The journal articles present remedies to the structural chasms in women's health care, with key roles for advocates, policymakers, researchers, healthcare leaders, educators, and the media (see more below).

“The United States has an abysmal record when it comes to Black maternal health. We know that change comes through both practice and policy. The Bridging the Chasm agenda sets the strategy for addressing structural racism in systems of care and identifies the policy changes required to eliminate needless inequities in Black maternal outcomes,” says Linda Goler Blount, MPH, president and CEO of the Black Women’s Health Imperative and another contributor to the journal articles.

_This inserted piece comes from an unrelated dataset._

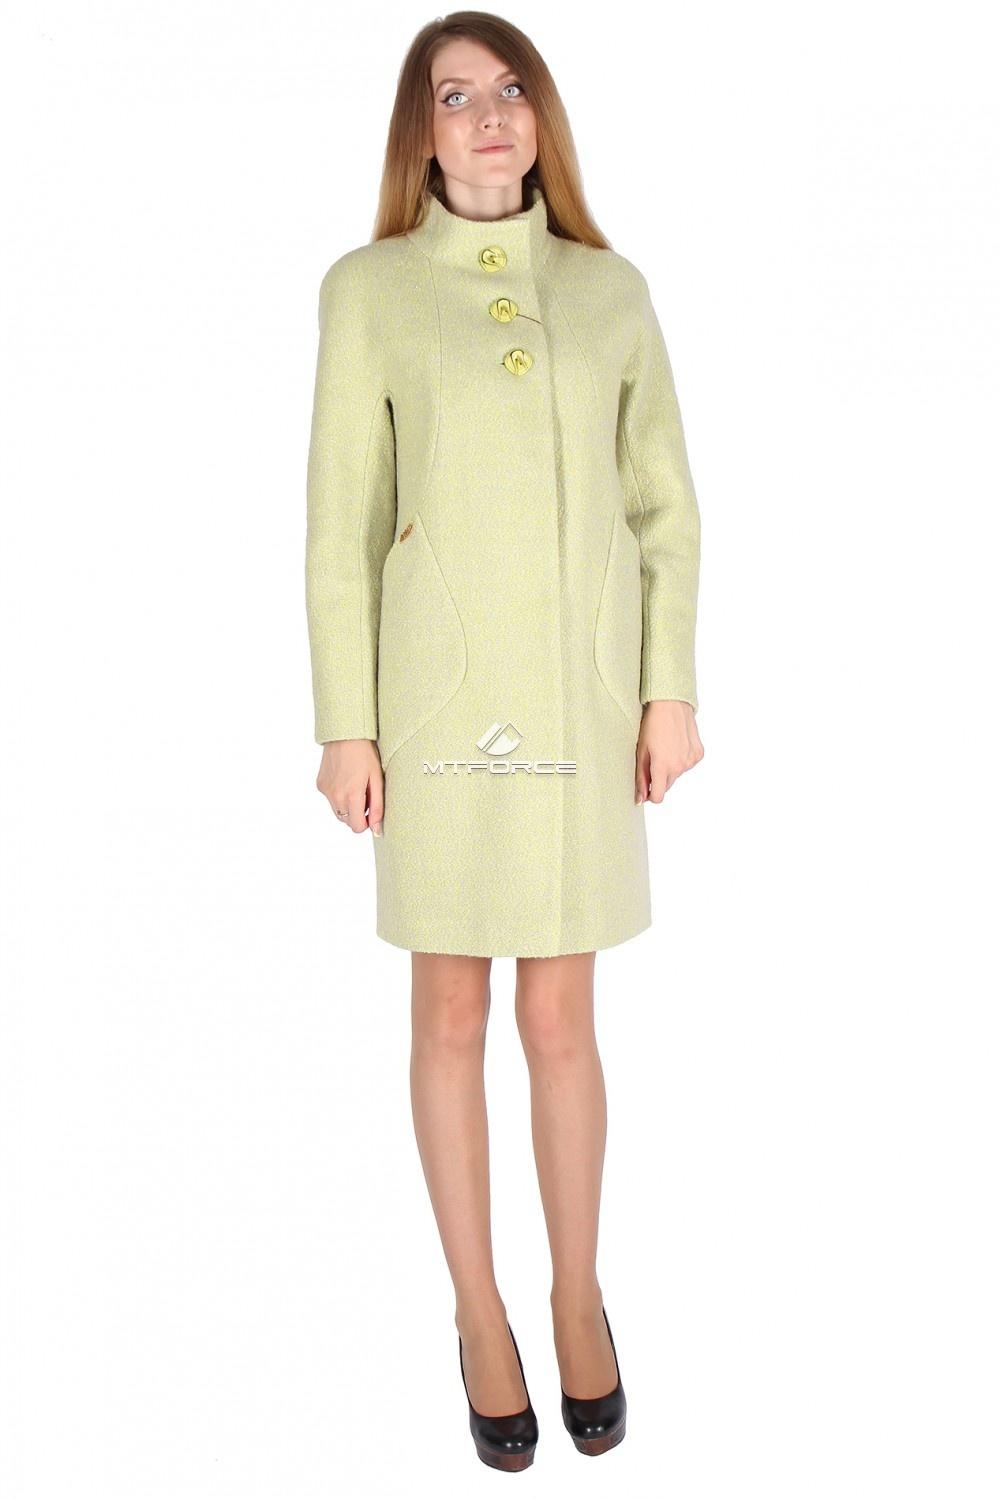 Купить  оптом Пальто женское салатового цвета 16291Sl в Новосибирске

The agenda is the product of two years of collective work, launched at an innovative national conference hosted at Boston University in 2018. The conference brought together women with lived experiences of complicated pregnancies, clinicians, researchers, health system innovators, policymakers, and private sector advocates to identify the gaps in care after pregnancy and other systemic issues, and to outline an agenda for transformation. A group of dedicated stakeholders—the Bridge the Chasm Collaborative—co-created the resulting agenda. 

The Gaps

  • The healthcare system is divided into reproductive functions and “all the rest.” Pregnancy and birth have long-term effects on health, but, even after clear warning signals, follow up care after pregnancy is exceedingly poor, as low as 50% for gestational diabetes among insured women (and lower for women on Medicaid), and 26% for gestational hypertension.
  • Healthcare and insurance policies support birthing people when they are pregnant and for about 8 weeks postpartum—then new mothers fall into a chasm of disconnected health care at best, and no health care at worst. Medicaid coverage for mothers ends after 60 days, while children remain covered by public insurance (CHIP). Well childcare for the first three years of life is routine, but no such system exists for mothers. 
  • Inequities between Black and White women extend from maternal mortality to chronic illnesses that place women at risk during reproductive years and beyond. Black women across the income spectrum and from all walks of life die from preventable pregnancy-related complications at 3 to 4 times the rate of non-Hispanic White women, and experience severe maternal morbidity (life-threatening complications) at twice the rate. Among pregnant and postpartum women, Black women had a 50% greater risk than Whites of dying from heart disease.
  • Women’s needs and voices are often ignored or simply not central to their healthcare experience, and disrespect and racism (interpersonal and structural) are common in reproductive health care for Black women. In the 2019 Giving Voice to Mothers survey, 27.2% of women of color with low socioeconomic status reported verbal or physical abuse during maternity care, compared with 18.7% of White women.

The Agenda

  • Hold healthcare institutions and clinicians responsible for ending the epidemic of disrespect for women of color, linking progress to accreditation.
  • Provide infrastructure support to community-based organizations run by and for Black, Indigenous, and other women of color.
  • Extend holistic, team-based care to the postpartum year and beyond, with integration of doulas and community health workers on teams.
  • Expand Medicaid coverage across the full postpartum year and support the development of Medicaid pay-for-performance policies that require linkage to primary care. 
  • Preserve maternal narratives and data across providers and specialties.
  • Align research with women’s lived experiences and center their voices in the design, conduct, and dissemination of findings.

In their commentary, the authors note that the Momnibus Act offers an ideal platform on which to build key planks of the Bridge the Chasm Agenda, investing in mothers not only during but long after pregnancy.